AIM OF THE EXERCISE — In the data below, find the line containing "Wood Antique Oval"; transcribe it and each line after it exactly, through the last, skipping pictures.

DATA SHOWN —
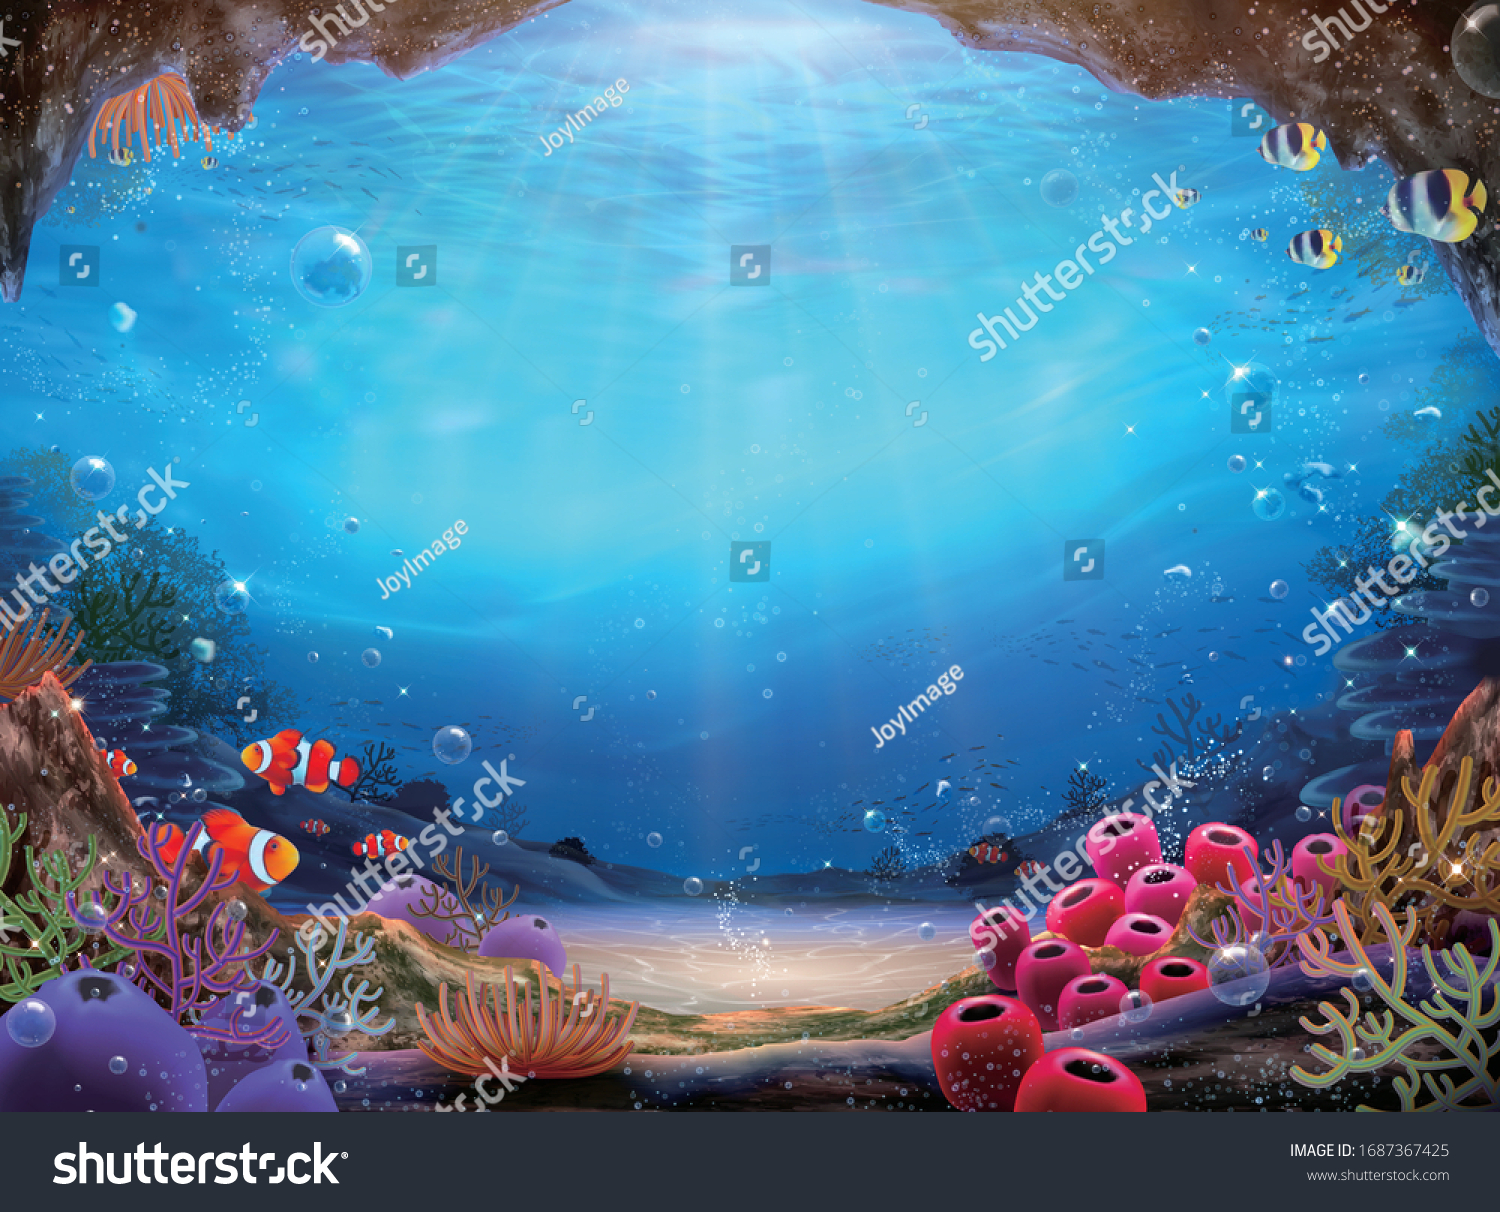 Natural ocean bottom background with colorful coral reef and abundant marine life, 3d illustration #1687367425
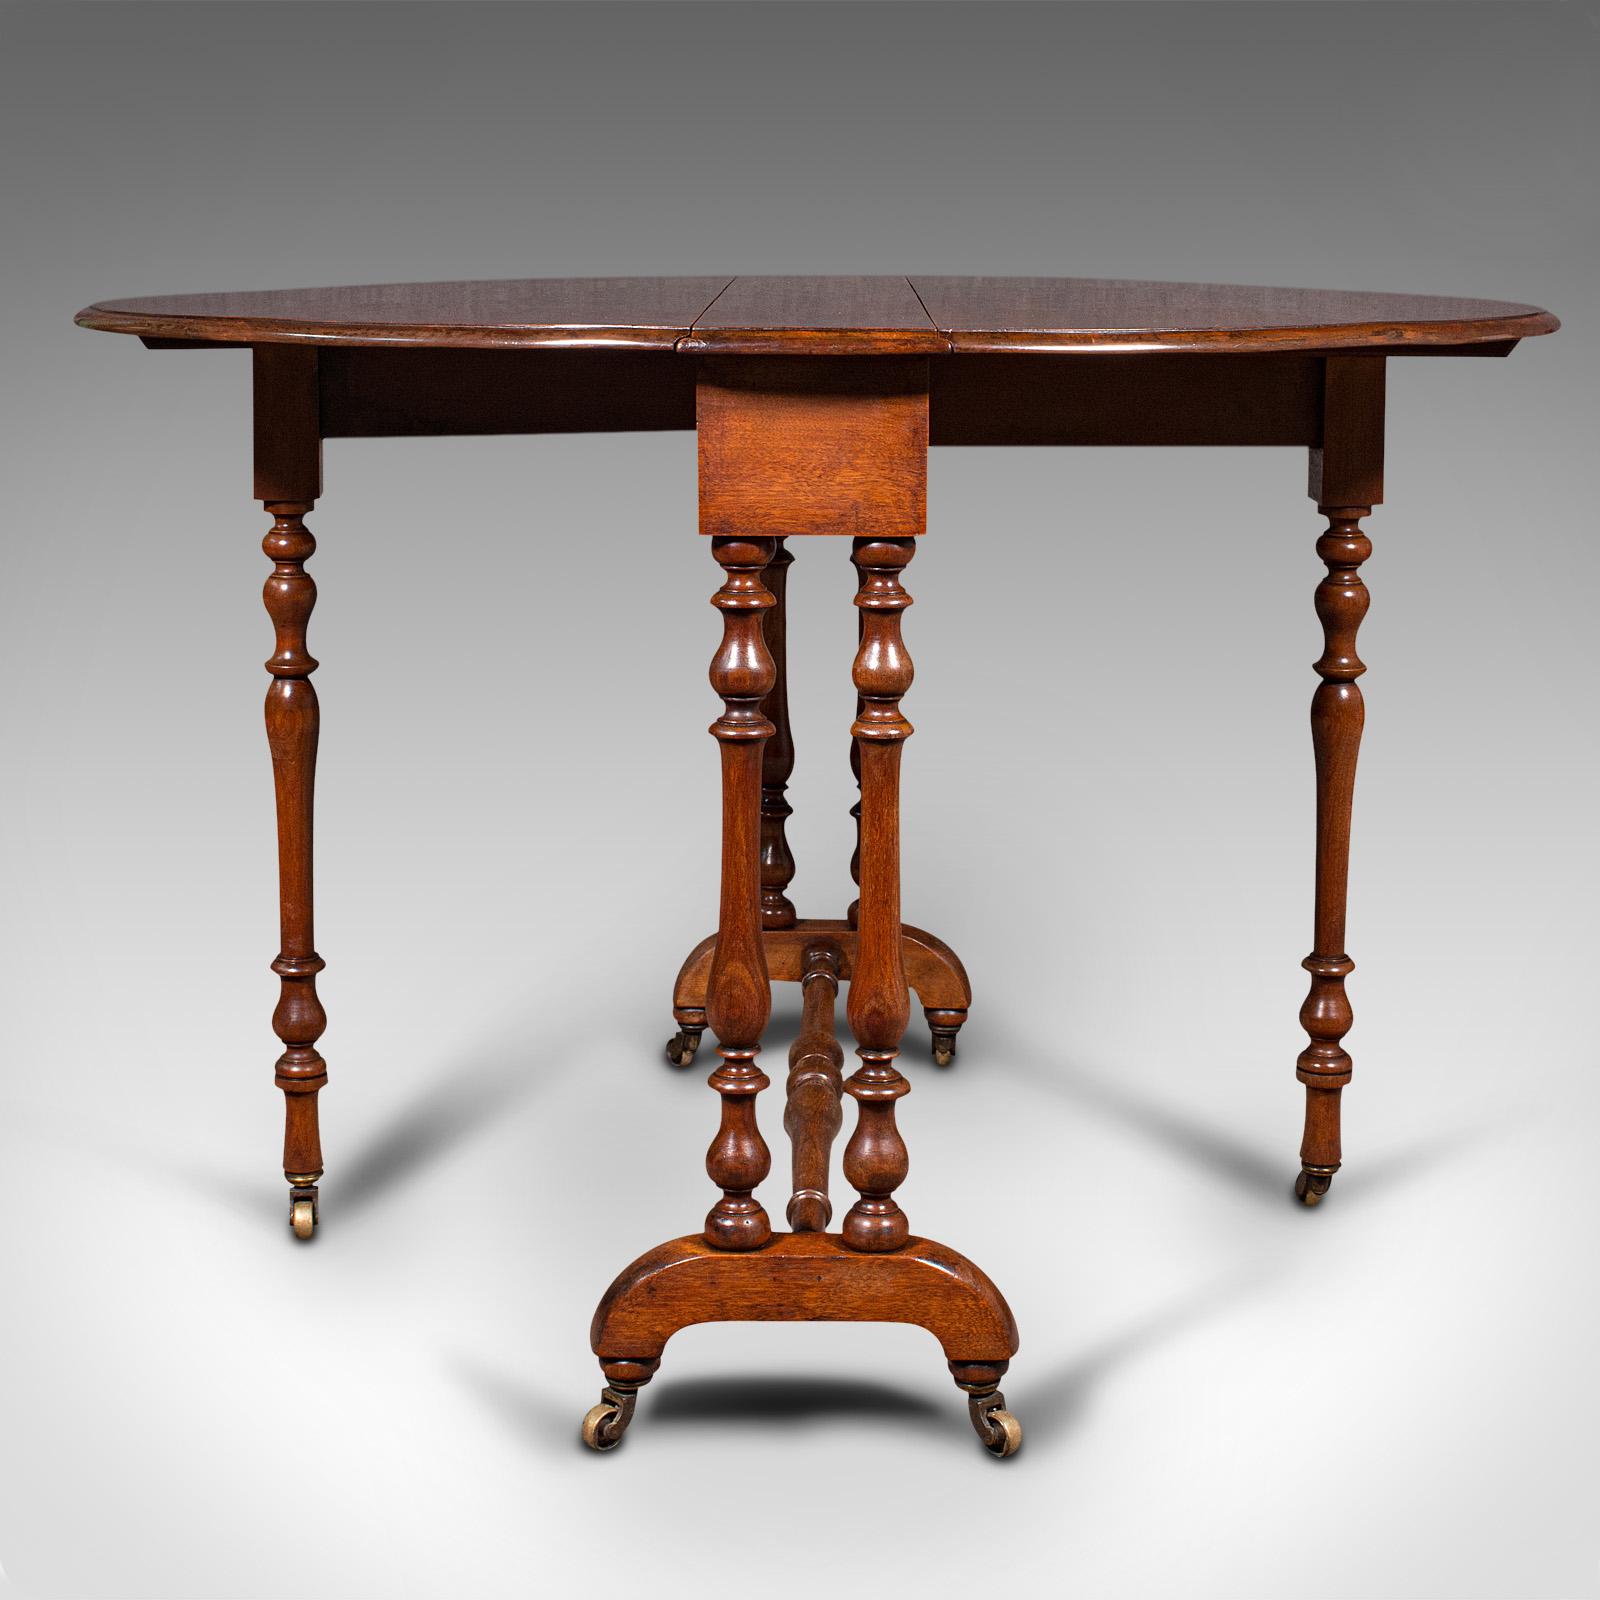 Wood Antique Oval Sutherland Table, English, Gate Leg, Occasional, Victorian, C.1850 For Sale
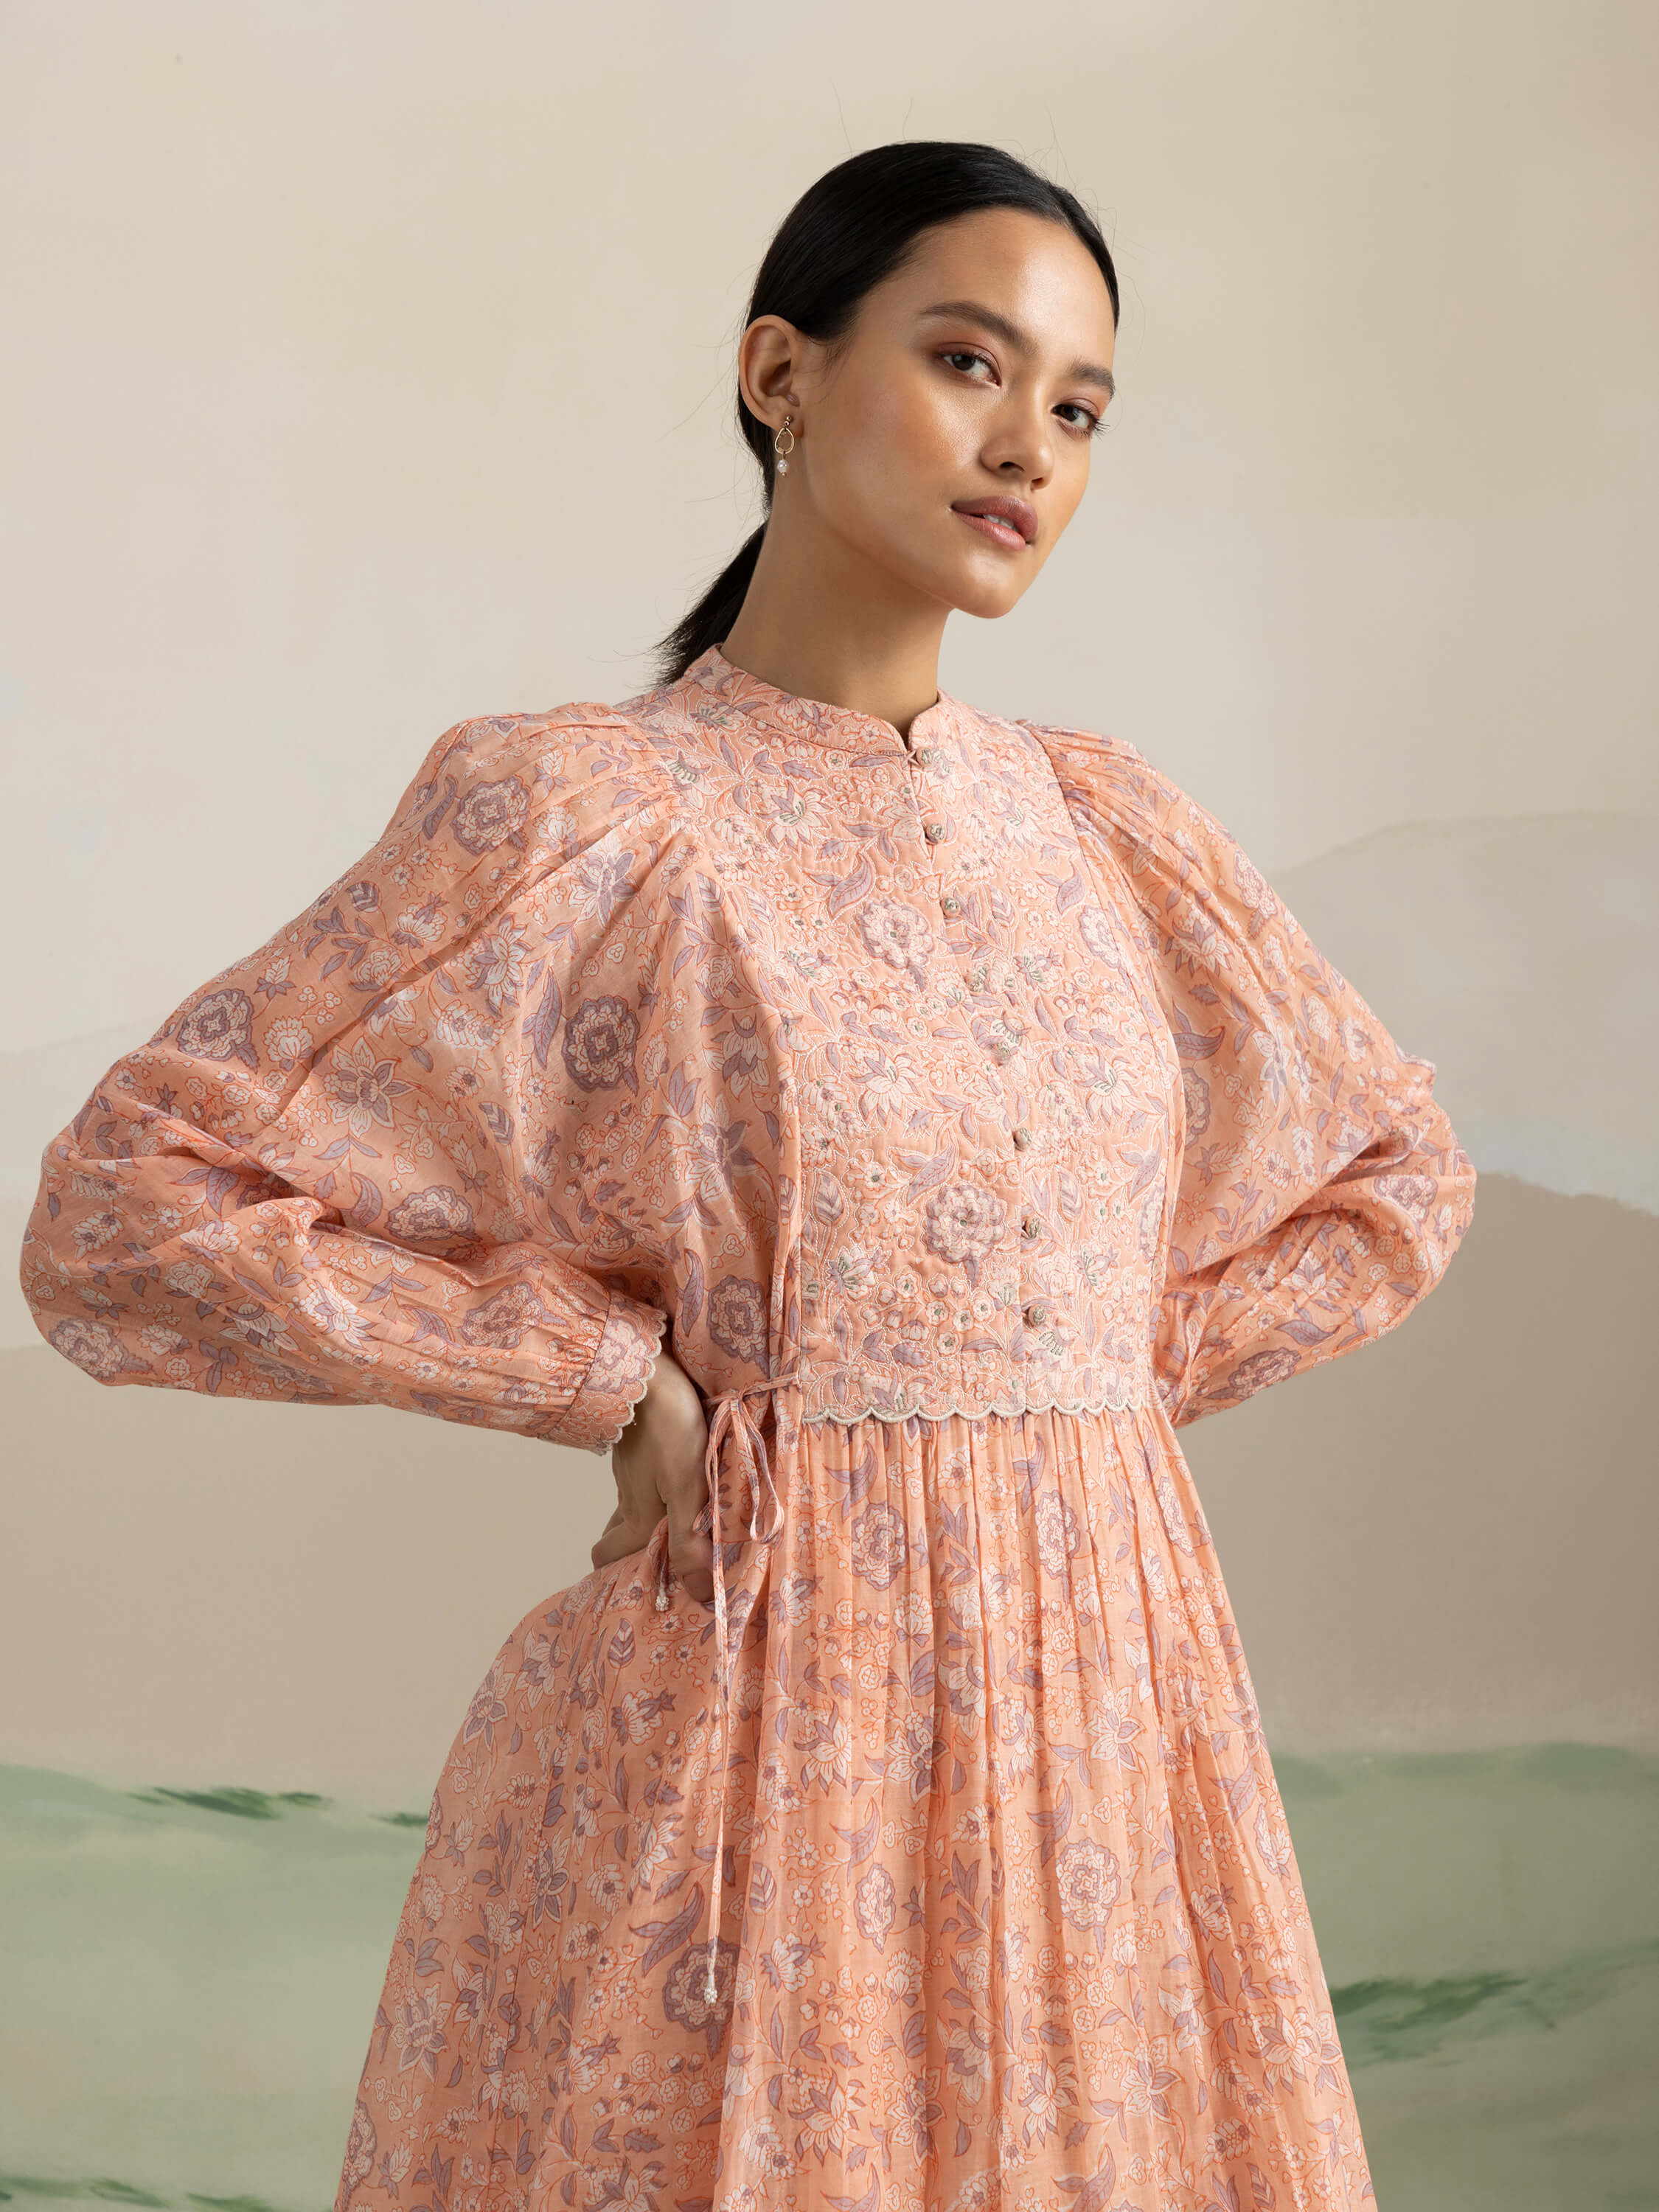 Woman wearing a floral peach long-sleeve dress with intricate details.

RESULT —
 Wood Antique Oval Sutherland Table, English, Gate Leg, Occasional, Victorian, C.1850 For Sale
 Woman wearing a floral peach long-sleeve dress with intricate details.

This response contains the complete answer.